Clayton Floyd

Personal information
- Full name: Clayton Floyd
- Born: 7 August 1996 (age 30) Cape Town, South Africa
- Batting: Right-handed
- Bowling: Slow left-arm orthodox
- Role: Batsman

International information
- National side: Netherlands;
- ODI debut (cap 78): 25 January 2022 v Afghanistan
- Last ODI: 21 August 2024 v USA
- T20I debut (cap 48): 16 September 2019 v Scotland
- Last T20I: 5 August 2022 v New Zealand

Career statistics
| Competition | ODI | T20I | LA | T20 |
| Matches | 10 | 4 | 10 | 4 |
| Runs scored | 14 | 24 | 14 | 24 |
| Batting average | 3.50 | 24.00 | 3.50 | 24.00 |
| 100s/50s | 0/0 | 0/0 | 0/0 | 0/0 |
| Top score | 9 | 21 | 9 | 21 |
| Balls bowled | 426 | 66 | 426 | 66 |
| Wickets | 5 | 2 | 5 | 2 |
| Bowling average | 67.20 | 51.00 | 67.20 | 51.00 |
| 5 wickets in innings | 0 | 0 | 0 | 0 |
| 10 wickets in match | 0 | 0 | 0 | 0 |
| Best bowling | 2/41 | 1/14 | 2/41 | 1/14 |
| Catches/stumpings | 2/– | 0/– | 2/– | 0/– |
- Source: Cricinfo, 23 August 2024

= Clayton Floyd =

Dutch-South African cricketer (born 1996)

Clayton Floyd (born 7 August 1996) is a Dutch-South African cricketer.

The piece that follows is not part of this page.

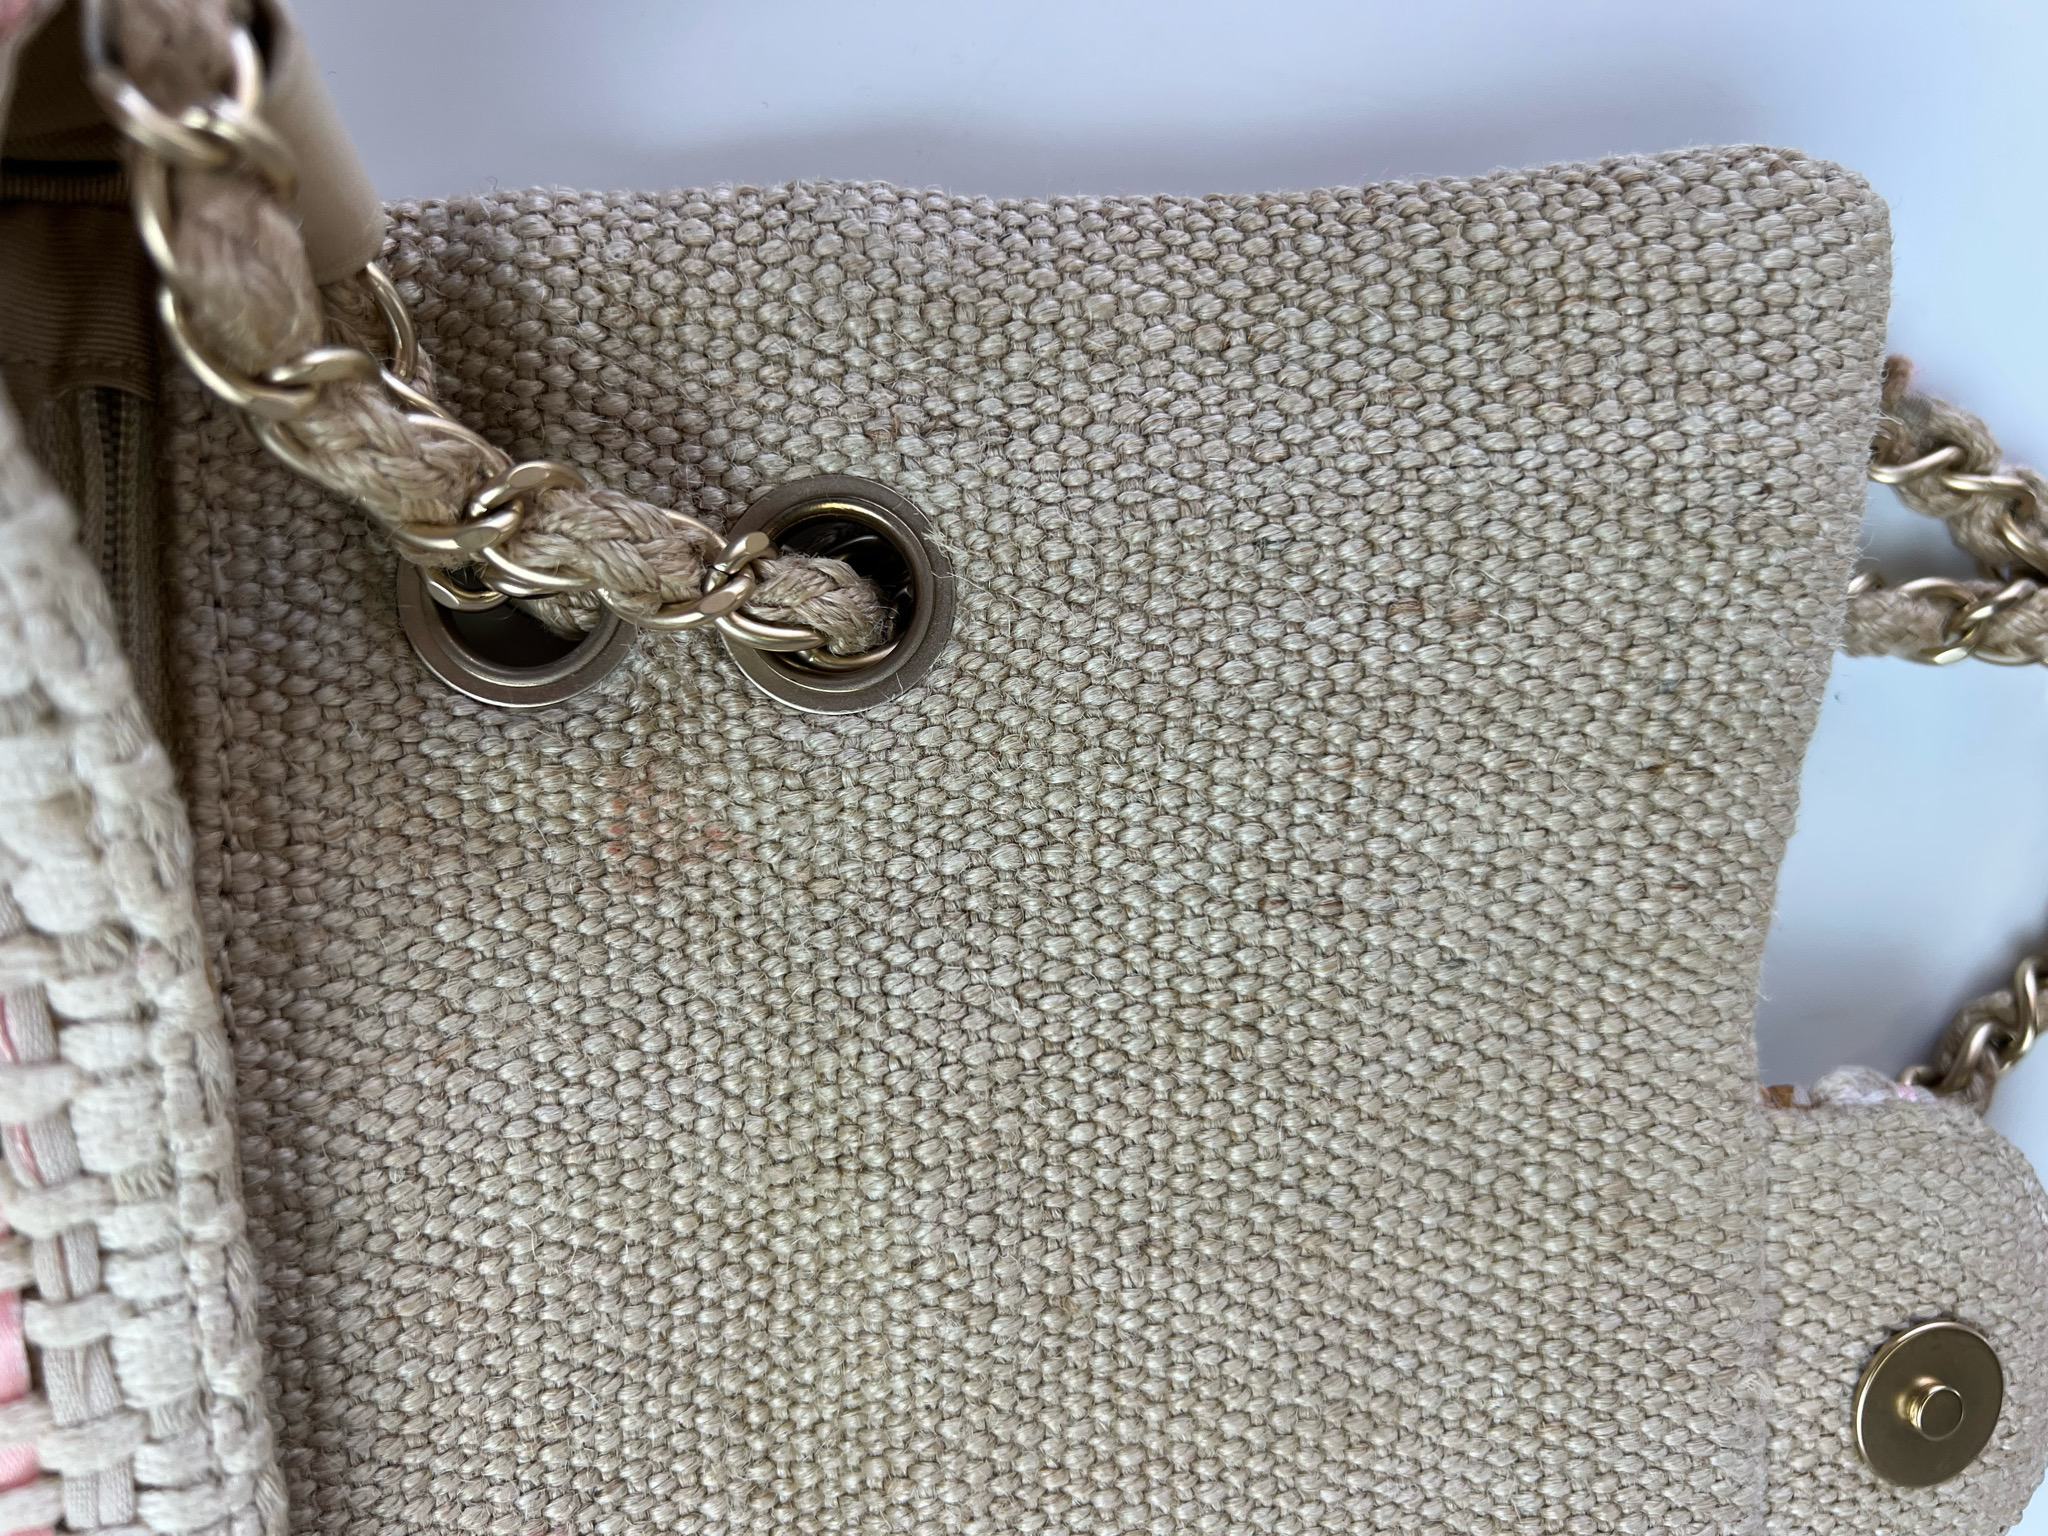 Chanel Flap, Knit Woven, Beige and Pink with Gold Hardware

In September 2019, he was named in the Netherlands' Twenty20 International (T20I) squad for the 2019–20 Ireland Tri-Nation Series. He made his T20I debut for the Netherlands, against Scotland, on 16 September 2019. In April 2020, he was one of seventeen Netherlands-based cricketers to be named in the team's senior squad.

In November 2021, Floyd was named in the Dutch One Day International (ODI) squad for their series against South Africa. In January 2022, Floyd was named in the Dutch ODI squad for their series against Afghanistan in Qatar. He made his ODI debut on 25 January 2022, against Afghanistan.